Capítulo 5
Alguns dias...
Kelly Ferraço
— Olha vocês, estão tão lindos! — disse emocionada quando vi o casal de gêmeos do tio Petrus e da tia Simone na chama de vídeo. Todos estavam reunidos na sala dos meus pais, para fazer essa chamada. A Carolina com o seu namorado e a Naty com o dela. E pensar que papai e tio Oliver quase enfartaram quando as meninas apresentaram os meninos em um churrasco em família. E não pensem que foi tão fácil quanto foi comigo e o Felipe. Yan e Noah sabem o preço que pagaram com esses dois. Mas agora está tudo bem e o namoro deles já tem quase seis meses. Quantos aos gêmeos, isso sim, foi uma grande surpresa para todos, inclusive para os pais que estavam começando a organizar as suas vidas. Dimitri e Ives vieram de uma forma inesperada e prematura e se tornaram o xodó de todos na família. Cinco anos depois, tio Petrus e tia Simone conseguiram se firmar com a agência de segurança que tanto queriam e depois de tudo o que aconteceu, estou feliz que finalmente eles conseguiram vencer. Tio Oliver e tia Flávia agora tem o Willian, um garotinho esperto e bem agitado de cinco anos e três meses, tão agitado quanto a Naty foi para eles. E o tio Oliver abriu a sua própria empresa de contabilidade e administração, mas ainda continua administrando os negócios do meu pai. Esse sim, cresceu assustadoramente e já está abrindo o seu quinto bistrô pela enorme cidade que moramos. A minha mãe, vocês já sabem, essa é, e sempre será uma empresária de sucesso junto com a tia Flávia, que guia os seus caminhos pelo mundo das passarelas. Como vocês podem ver, o Adam não conseguiu destruir tudo. Houve apenas um sacrifício para que todos sobrevivessem e esse sacrifício foi a minha chance de ser feliz.

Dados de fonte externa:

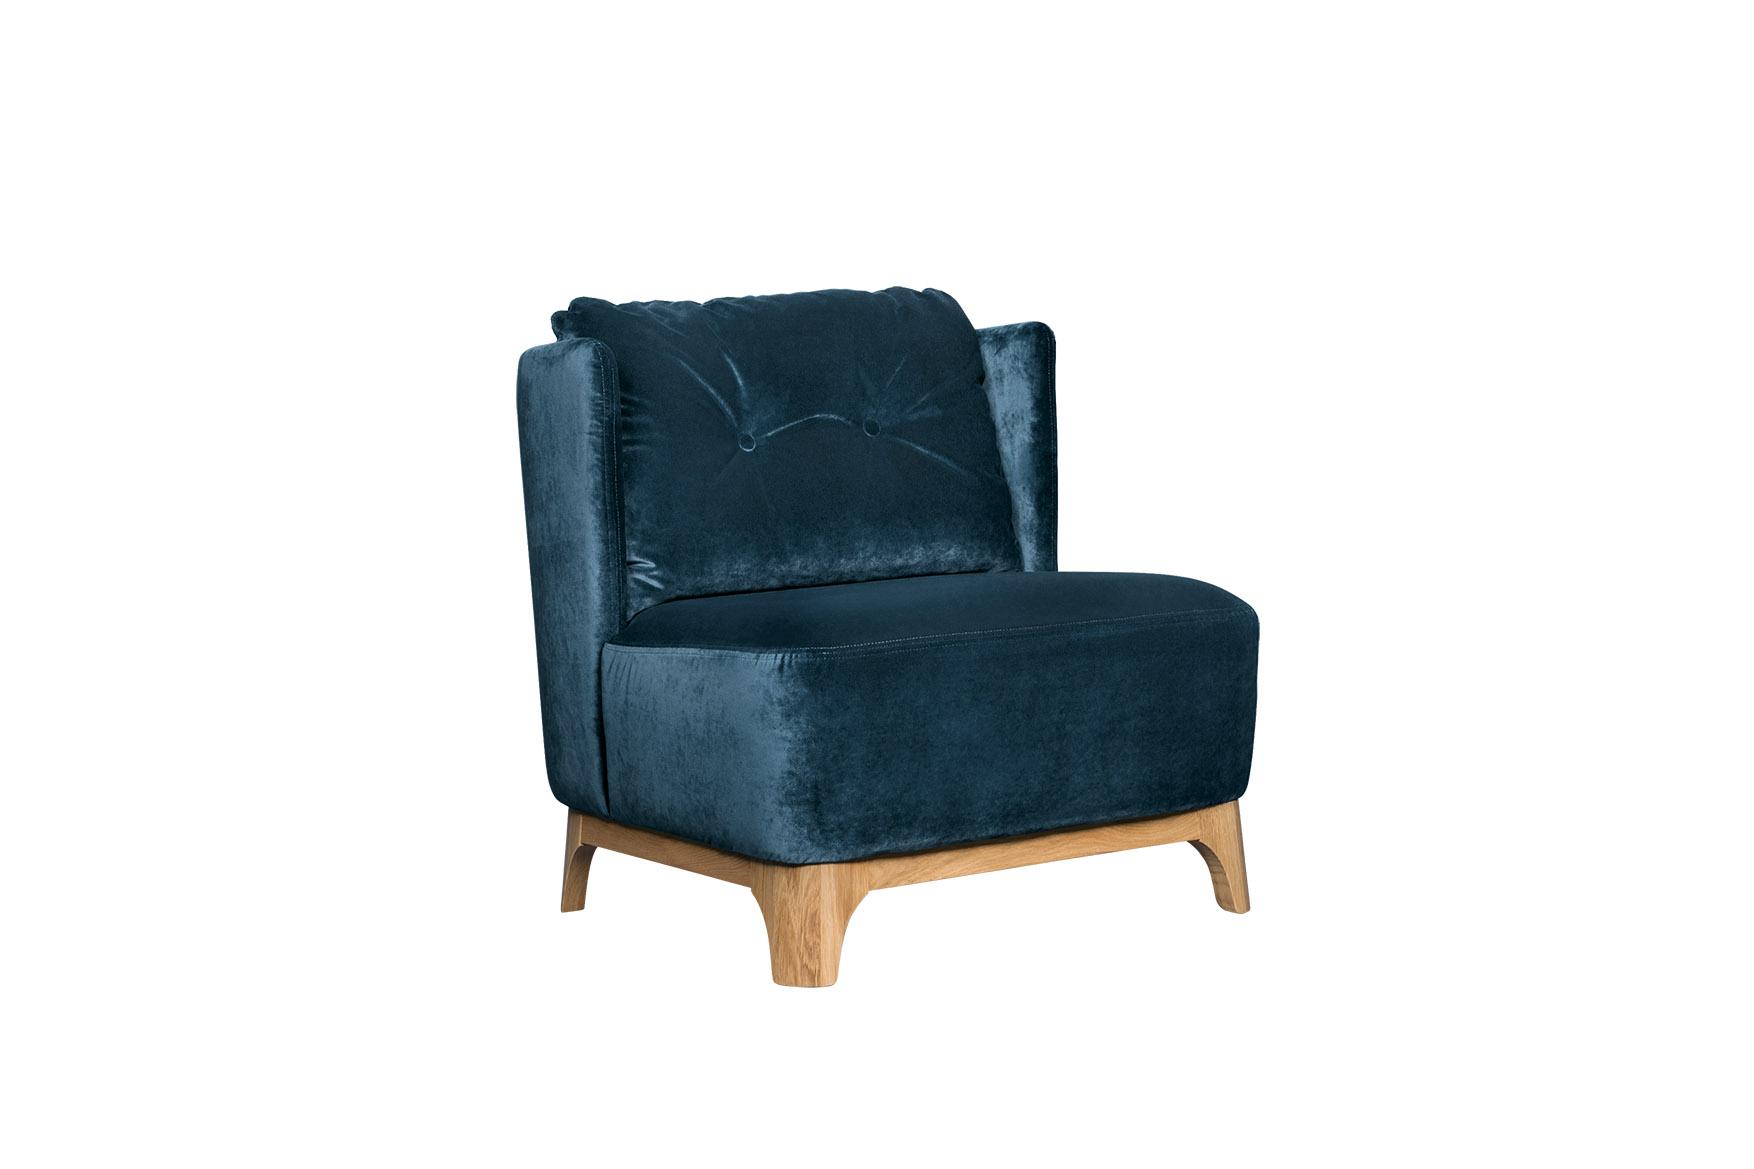 ALMA_armchair_buttons_classic_velvet12_navy_blue_2

— Eles perguntaram muito por você esses dias, Kell. — Tia Flávia disse animada. Ela pôs os pequenos no chão e como se tivesse dado corda, as crianças começaram a correr pelo cômodo. Naty e Carol falaram um pouco sobre a agitação da nova escola e do quanto estão gostando do fundamental dois. Fora uma conversa animada e breve e logo elas saíram de mãos dadas para algum canto da casa com os seus namorados. Observei o tio Oliver olhar os casais de rabo de olho, me fazendo rir. No fundo, no fundo eu sinto muita falta deles.
— Fala como é a França, Kell. — Minha mãe pediu.
— Ah, como se precisasse — retruquei. — Quantas vezes você veio a França, dez, vinte vezes? — Eles riram do meu comentário.
— Não se faça de engraçada, Kelly Ferraço. — Tia Flávia interpele de uma forma divertida. — Nós queremos saber como é a França sobre os seus olhos. — Suspiro.
— Ok, ela é encantadora, é apaixonante e tranquila, exatamente como eu imaginei que seria.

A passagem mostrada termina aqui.